Mariantonietta Fabbricatore è laureata in Medicina e Chirurgia, ha conseguito la Laurea Specialistica in Scienze della Nutrizione Umana e la specializzazione in Psicoterapia Cognitiva e Comportamentale. Attualmente insegna Psicoterapia del Comportamento, Disturbi Alimentari presso l’Università Europea di Roma. E’ socio della Società Italiana per lo Studio dell’Obesità, SIO, e della Società Italiana per lo Studio dei Disturbi del Comportamento Alimentare, SISDCA.
Che cosa si intende per ortoressia?
“L’ortoressia è un disturbo che è venuto alla ribalta negli ultimi anni ed è la tendenza a voler tenere un’alimentazione completamente sana e corretta. Attualmente non rientra nei Disturbi del Comportamento alimentare, ma sono in atto degli studi che stanno valutando la possibilità di inserirlo nella categoria. La definizione di ortoressia viene attribuita a Steven Bratman, dietologo statunitense, nel 1997. Si tratta di una tendenza all’alimentazione sana nata come bilanciamento al cibo spazzatura”.
Qual’è la differenza principale con i soggetti che soffrono di anoressia o bulimia?
“La principale differenza è la focalizzazione. L’obiettivo primario dell’ortoressico non è quello di perdere peso, ma di mangiare sano; dunque un concetto di tipo qualitativo e non quantitativo degli alimenti. Tuttavia, si è visto che alcune persone che hanno avuto un disturbo del comportamento alimentare hanno poi sviluppato un disturbo ortoressico, tuttavia, il peso dell’ortoressico non è mai basso”.
Ed è per questo che viene definito un comportamento “occulto”?
“Sì, perché inizialmente si manifesta in sordina, senza dare preoccupanti segnali. Il soggetto mostra uno stile di vita sano e apparentemente è in forma; tuttavia, piano piano per alcuni diventa un comportamento di tipo ossessivo, per cui mangiare bene diventa quasi un obbligo. Invade il repertorio comportamentale di questi soggetti che poi iniziano a sentirsi in colpa se non mangiano l’alimento prefissato. Nei casi più complessi c’è la tendenza all’isolamento sociale. E’ proprio in questo momento che si inizia a parlare di disturbo”.
Ci sono delle persone predisposte al comportamento ortoressico?
“Si per esempio persone che si occupano di alimentazione per lavoro o che si occupano del fitness.

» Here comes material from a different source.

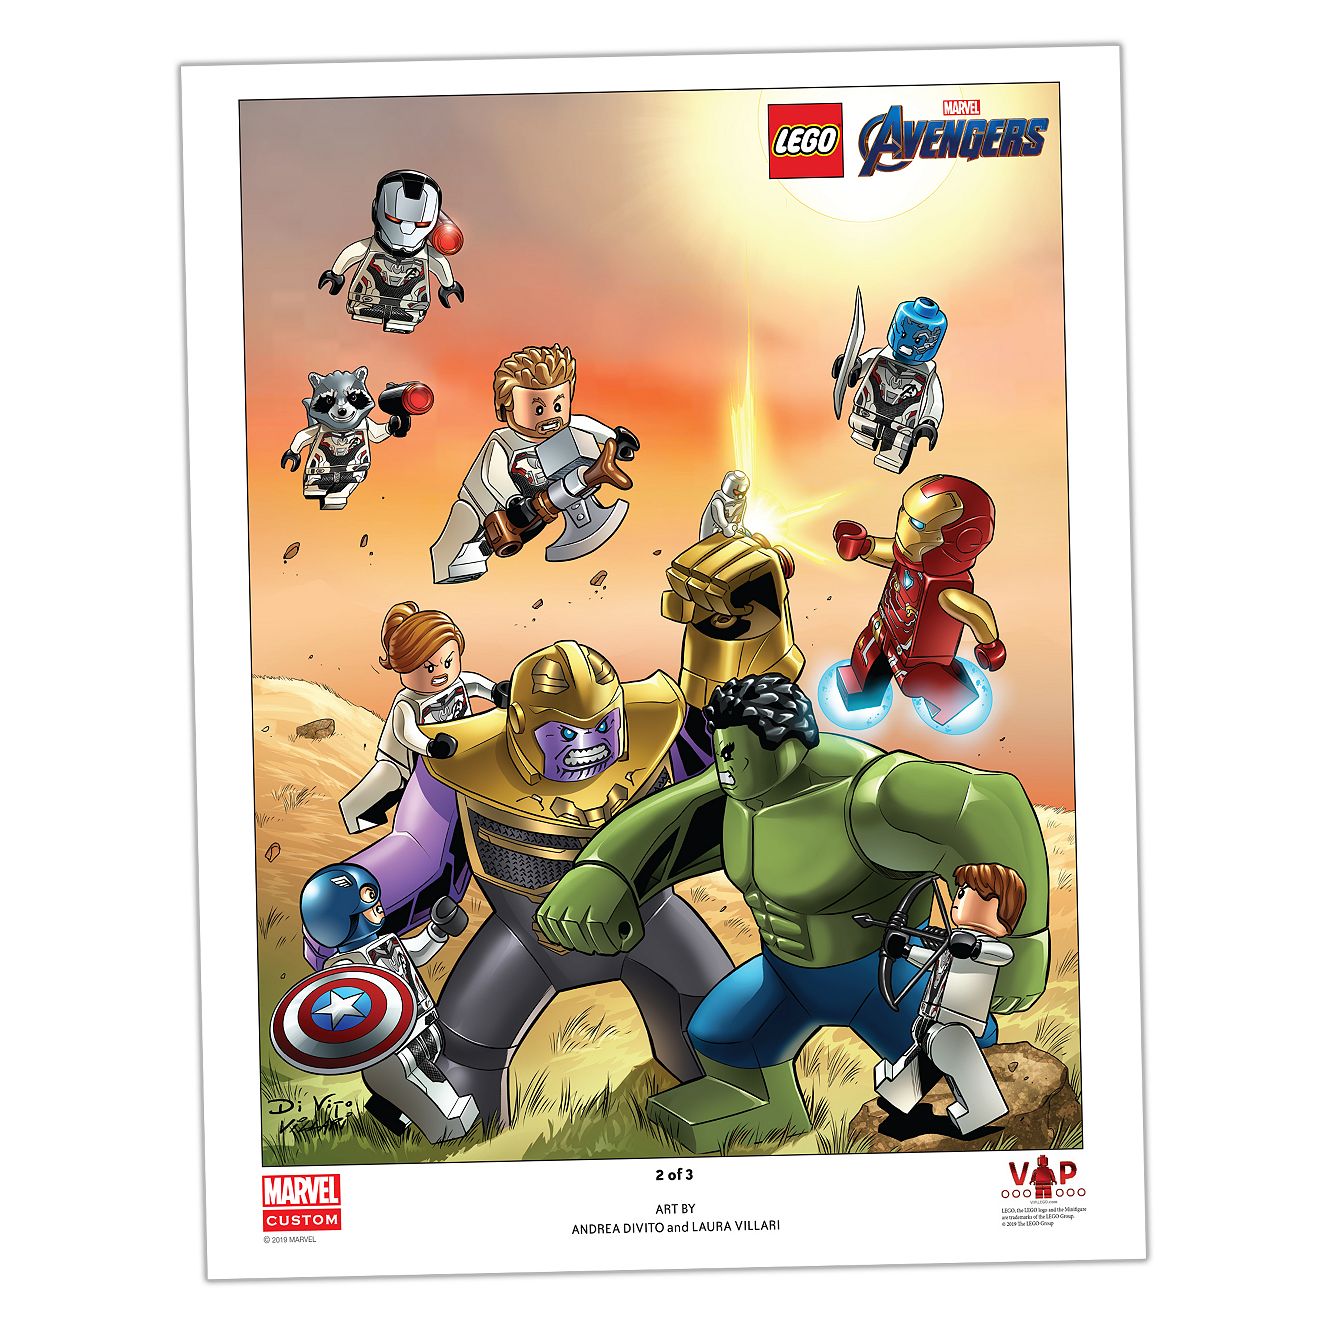 Lego Avengers Endgame Art Print 2 Of 3 5005881 Unknown Buy Online At The Official Lego Shop Us
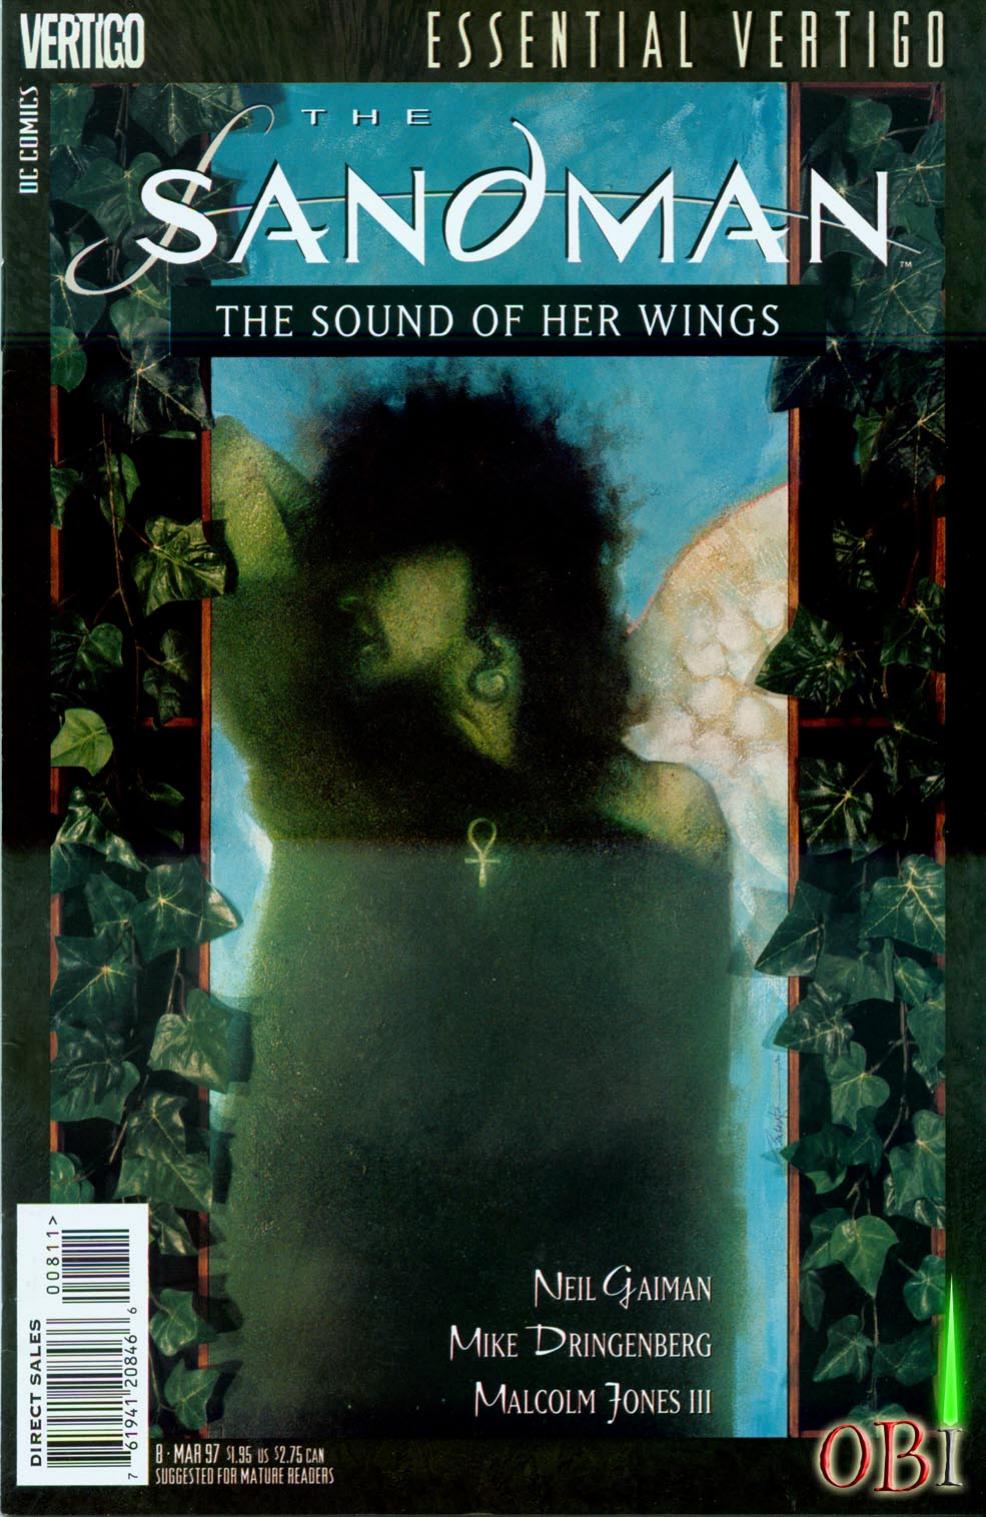 The Sandman #08 The Sound of Her Wings

I soggetti maggiormente predisposti sono istruttori, personal trainer o ballerini. Sono soggetti che devono tenere uno stile di vita sano e non solo, propongono anche attraverso i social programmi alimentari autogestiti che potrebbero avere effetti negativi sul bacino di utenti che accedono a tali contenuti. Viene proposta un’alimentazione che, se non sottoposta alla supervisione di esperti, alla lunga potrebbe creare malnutrizione”.
C’è un rapporto tra il disturbo e i social media?
“Essendo un disturbo legato alla cultura occidentale, è cresciuto con il diffondersi della rete e dei social. Anche se i media non sono la causa primaria, influiscono direttamente perché i soggetti esposti a questa patologia hanno una insoddisfazione corporea e trovano tra i video social dei modelli corporei e alimentari di comportamento. In pratica abbiamo due tendenze ovvero l’ideale del corpo magro, da una parte e la tendenza, per il genere maschile, alla muscolarità di avere un corpo bello e prestante. Queste sono tendenze di soggetti che hanno un’insoddisfazione per il proprio corpo e, dunque, possono essere facilmente manipolati. Instagram è il social media con maggiore incidenza nello sviluppo dell’ortoressia per il grande uso delle immagini che alimentano nel soggetto la necessità di fare continui confronti tra le proprie dimensioni corporee e le dimensioni corporee dei modelli”.
Si è parlato anche di “spiritualità della cucina”. In cosa consiste?
“In questi tempi di insicurezza, dove sono venuti meno alcuni fattori di aggregazione, le persone ricercano un senso di appartenenza che mettono in correlazione con la spiritualità e la identificano nel seguire questo stile alimentare. Avendo questo tipo di atteggiamento nei confronti del cibo si sentono in una dimensione superiore a cui tendere e identificano questa spiritualità nel proprio stile di vita. In pratica, attraverso l’alimentazione e la cucina questi soggetti acquisiscono quasi un senso di superiorità rispetto a coloro che mangiano in maniera convenzionale”.